Realm of the Mad God (RotMG) is one of my favorite games. It's a bullet hell MMORPG that's been around for more than a decade. Known for its cute pixel art sprite graphics, intense projectile patterns, and a permadeath mechanic (that's right, permadeath), RotMG is not a game for everyone. It's common for people to spend countless hours on a character only to lose it in a matter of milliseconds, yet people somehow still find the ability and desire to traverse the most difficult dungeons and navigate absurd obstacles for the chance at acquiring incredible loot.

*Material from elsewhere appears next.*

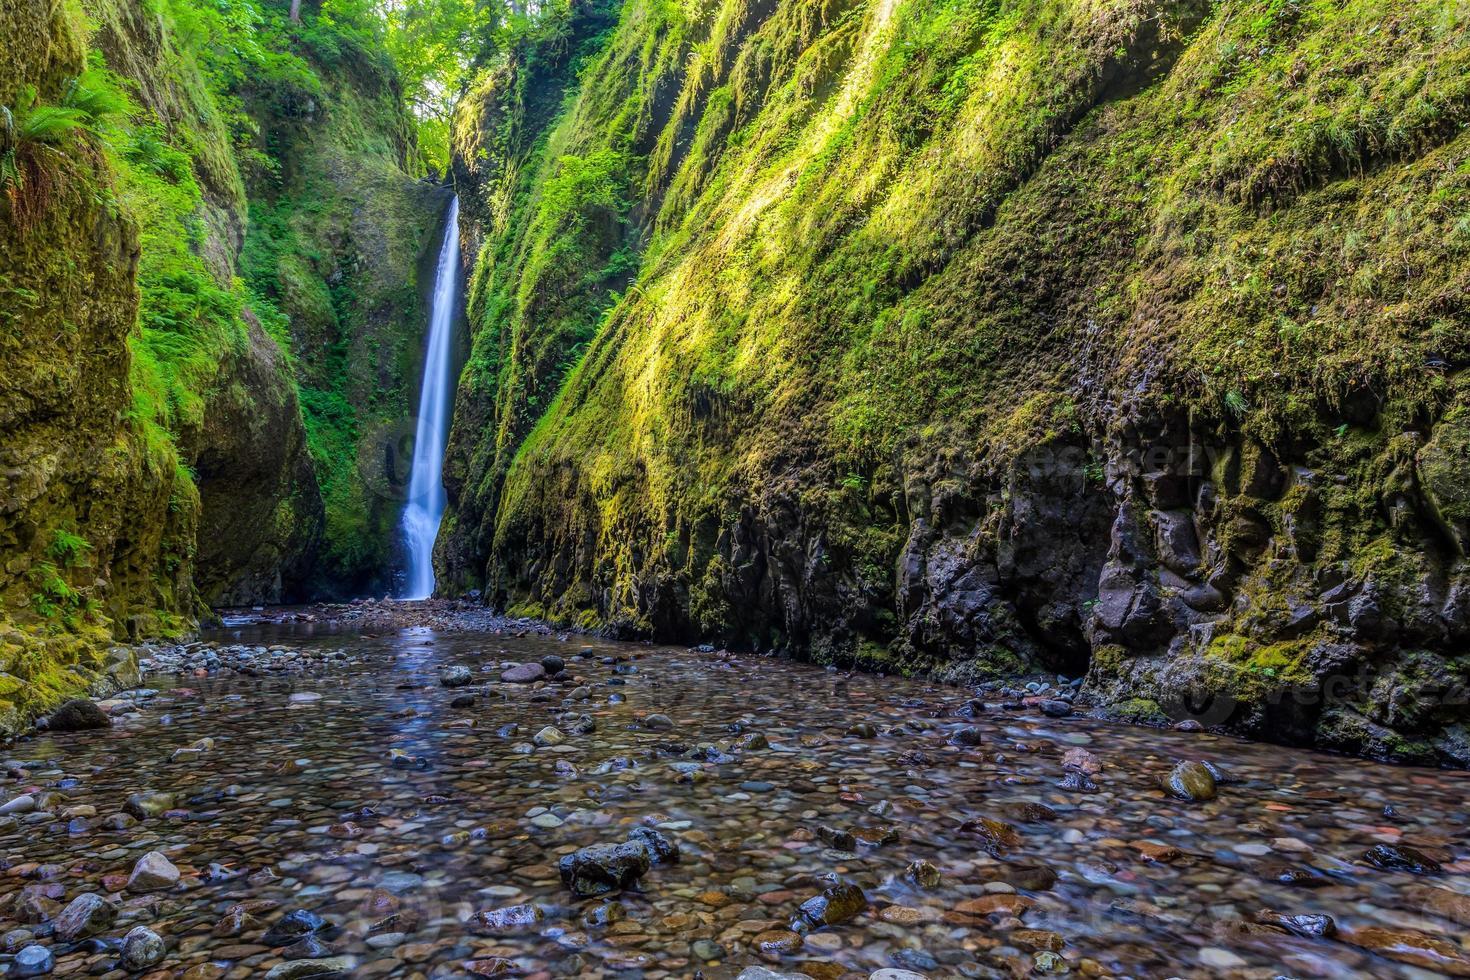 belle cascade et canyon dans oneonta gorge trail, oregon photo

As I was doing exactly this, I discovered something interesting. In what most players consider the hardest dungeon of the game, there is sometimes a puzzle: a 3x3 array of towers, each illuminated with a red or green light.

The goal is simple: turn all of the towers green by shooting them, and you'll progress towards the next boss. Considering the fact that the other options to progress all consist of fighting tens of enemies, this route seems much easier, but there's a catch: any time a tower switches colors, the adjacent towers also switch colors. As a result, the puzzle is hard enough for players to solve that it sometimes ends up being faster for the group to clear enemies instead.

I became interested in how to best solve this puzzle and the math behind it, so I went online to investigate.

The Origins of Puzzle

RotMG's puzzle is nothing new. The original puzzle is called Lights Out, which was released as a toy by Tiger Games in 1995. The toy was a 5x5 grid instead of 3x3, and instead of green and red towers, there were lit and unlit buttons. The goal was to turn all of the lights off, hence the name. It turns out that this game is popular among mathematicians and has had a lot of study done about it. One website in particular, Jaap's Puzzle Page, has a comprehensive page on the game.

In fact, RotMG isn't even the first game to have a Lights Out puzzle in it. This YouTube video by Physics for the Birds shows variants of Lights Out in The Legend of Zelda: Link's Awakening and LEGO Star Wars: The Skywalker Saga. Physics for the Birds also explains how to solve Lights Out, so if you'd rather watch a video, I recommend theirs.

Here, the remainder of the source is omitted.